• _Problem requirements_
Your response to the data below should hold nothing except the lines from the one containing "Boy holding sign" down to the one containing "Touch ups on", reproduced exactly and without pictures.
==== Records for processing
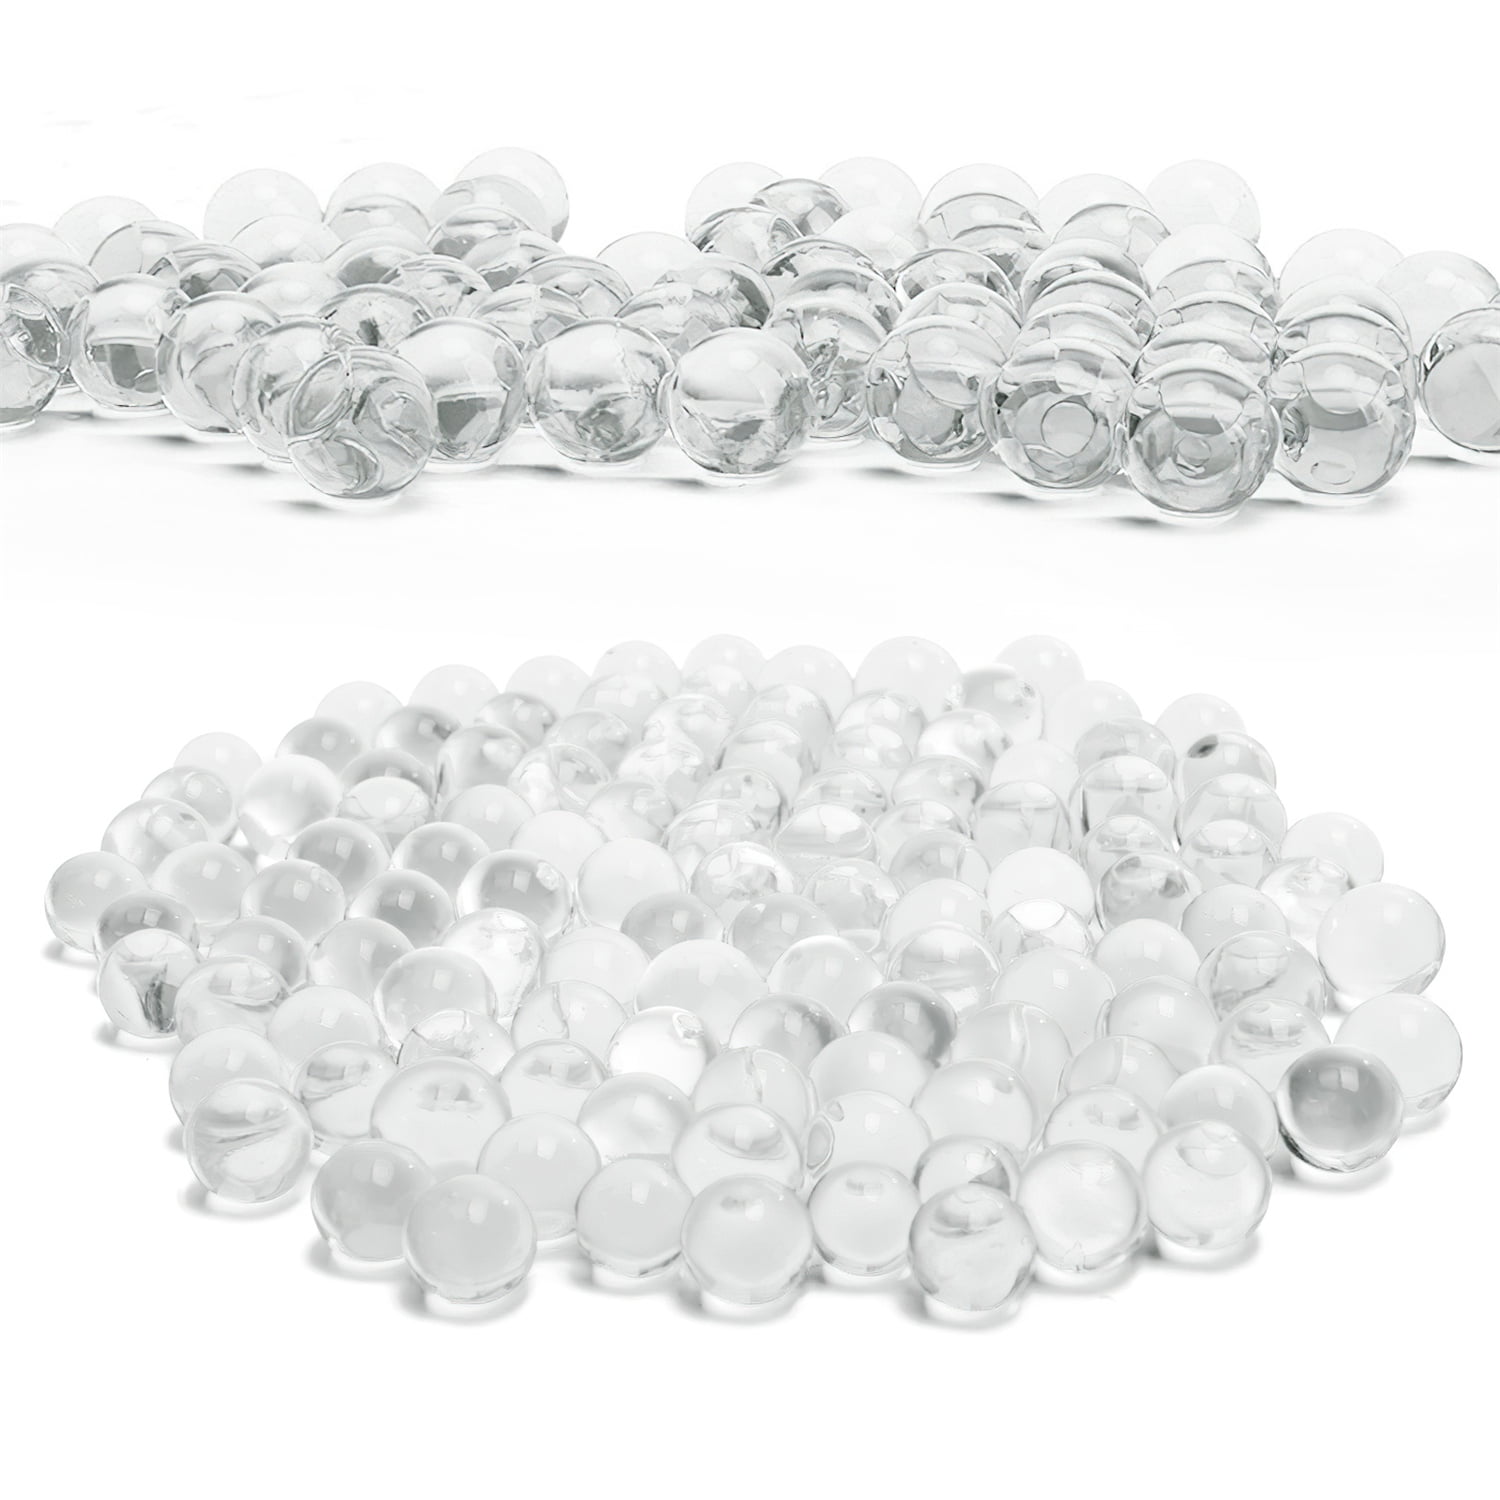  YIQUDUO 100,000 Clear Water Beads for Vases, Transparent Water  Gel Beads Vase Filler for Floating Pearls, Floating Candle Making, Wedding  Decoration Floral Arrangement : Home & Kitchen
========
==== Records for processing
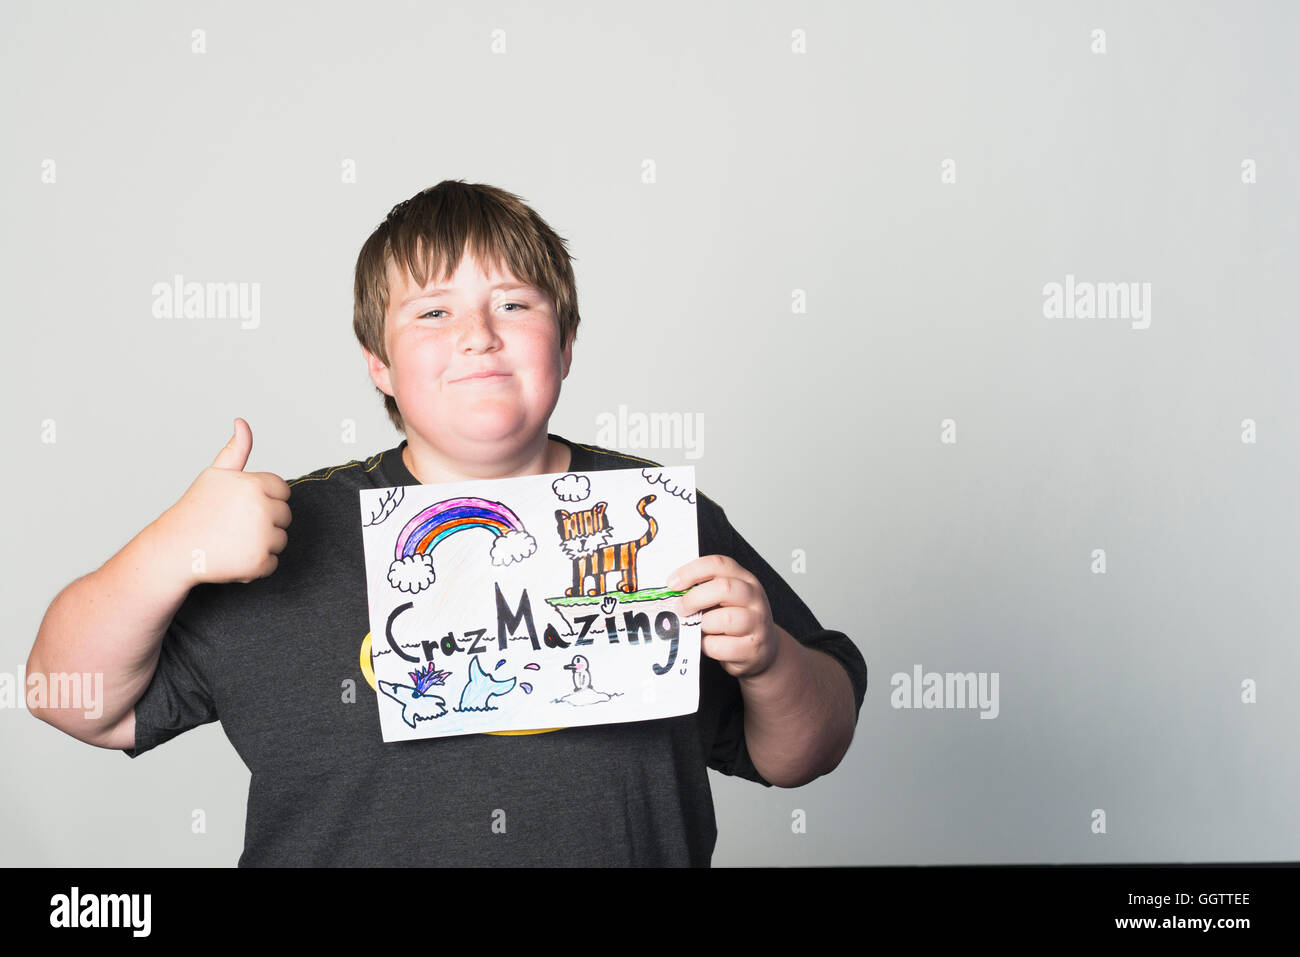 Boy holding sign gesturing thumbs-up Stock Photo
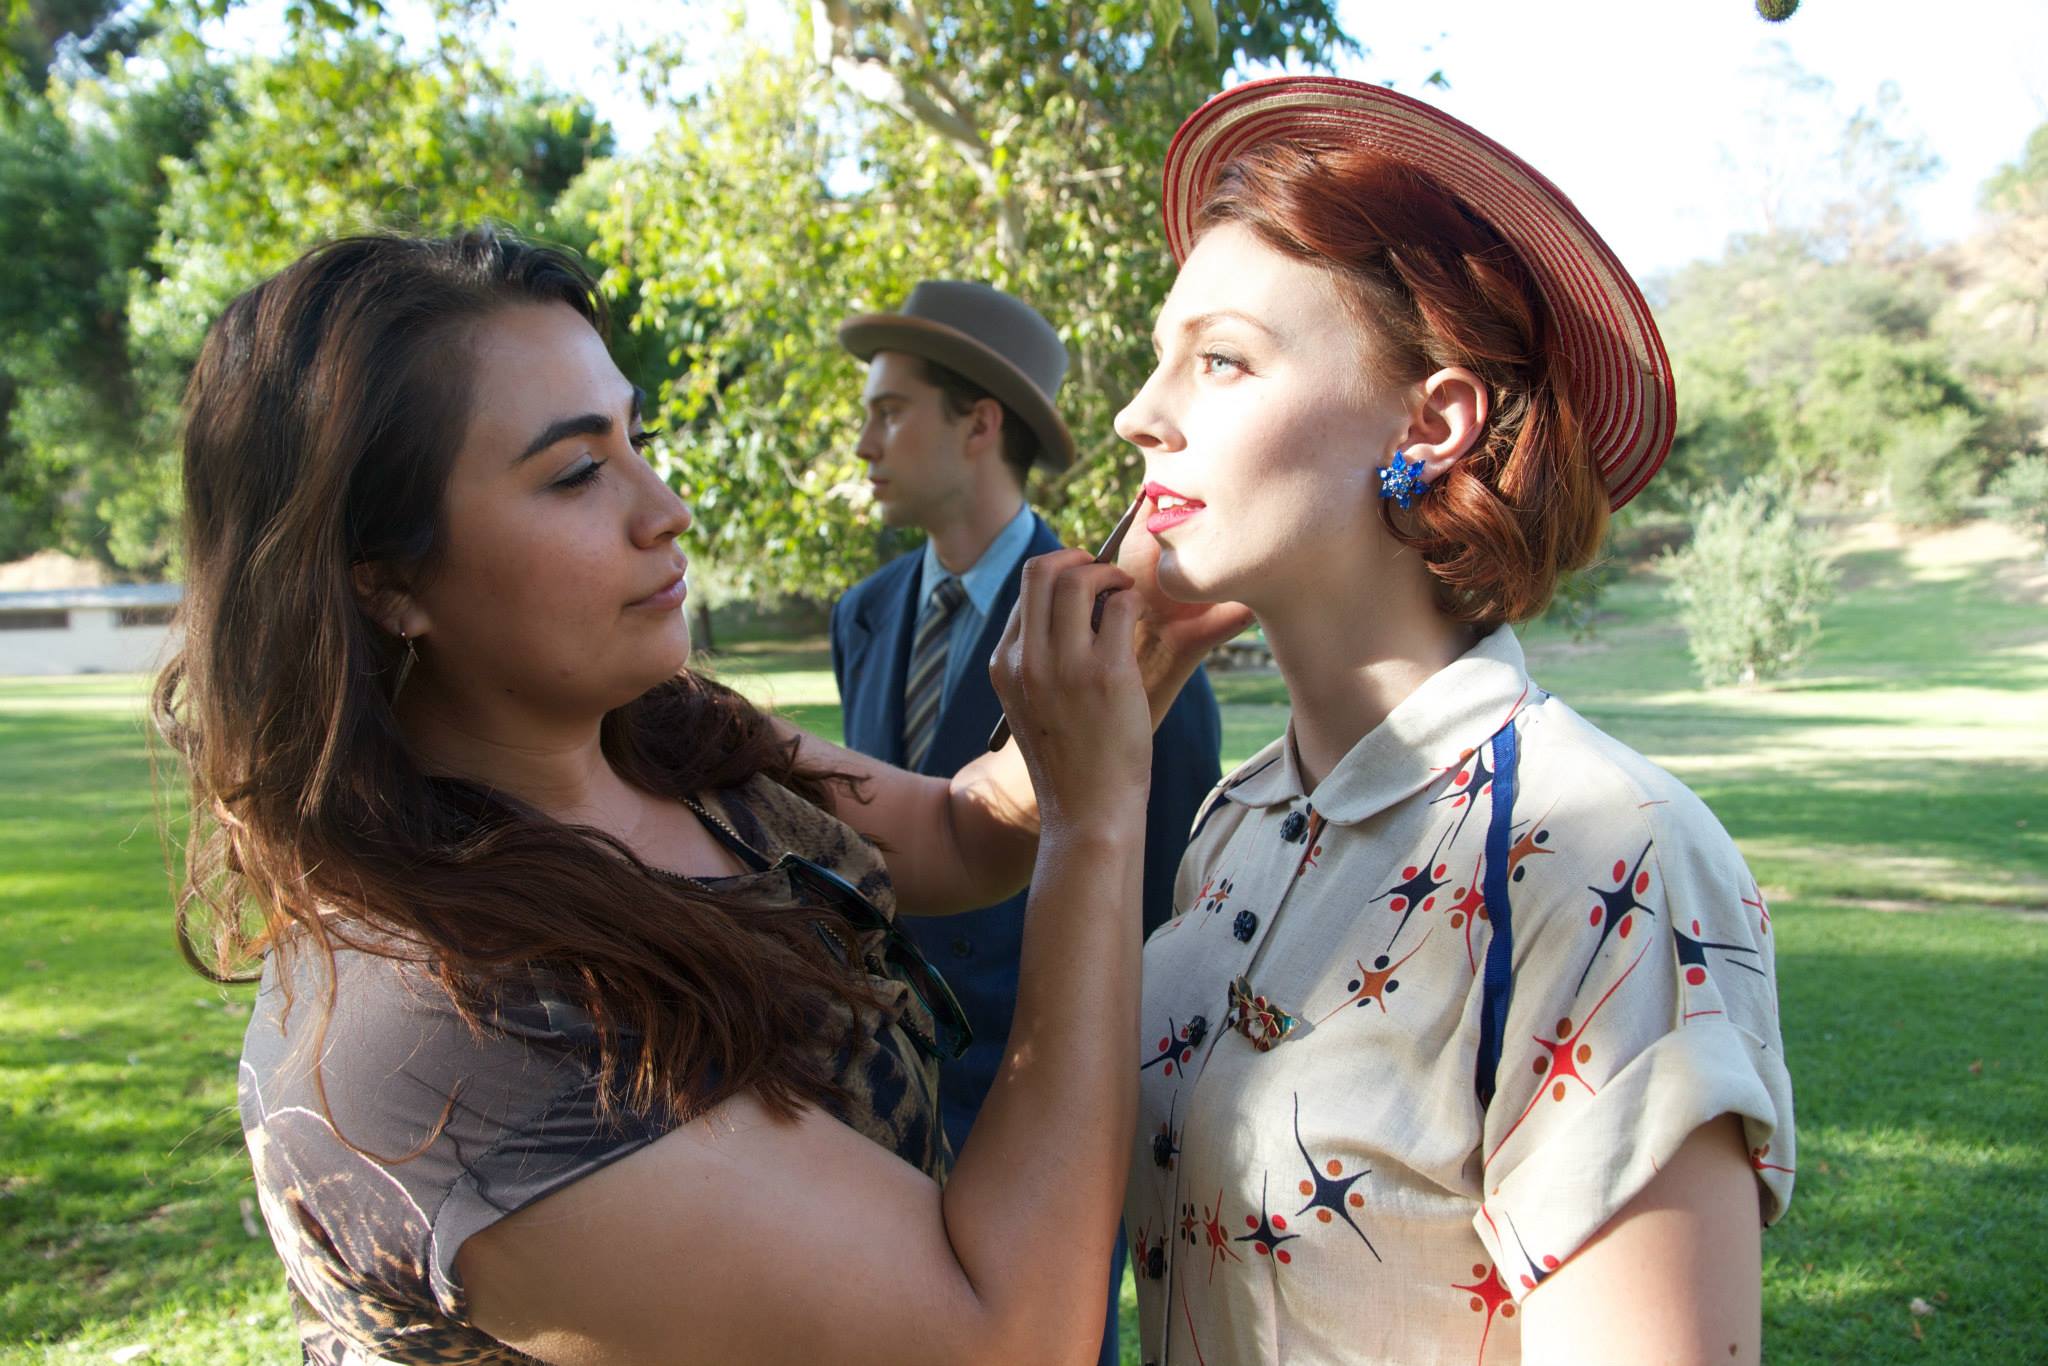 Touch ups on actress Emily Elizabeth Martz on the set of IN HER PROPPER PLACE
========
• _Answer section_
 Boy holding sign gesturing thumbs-up Stock Photo
 Touch ups on actress Emily Elizabeth Martz on the set of IN HER PROPPER PLACE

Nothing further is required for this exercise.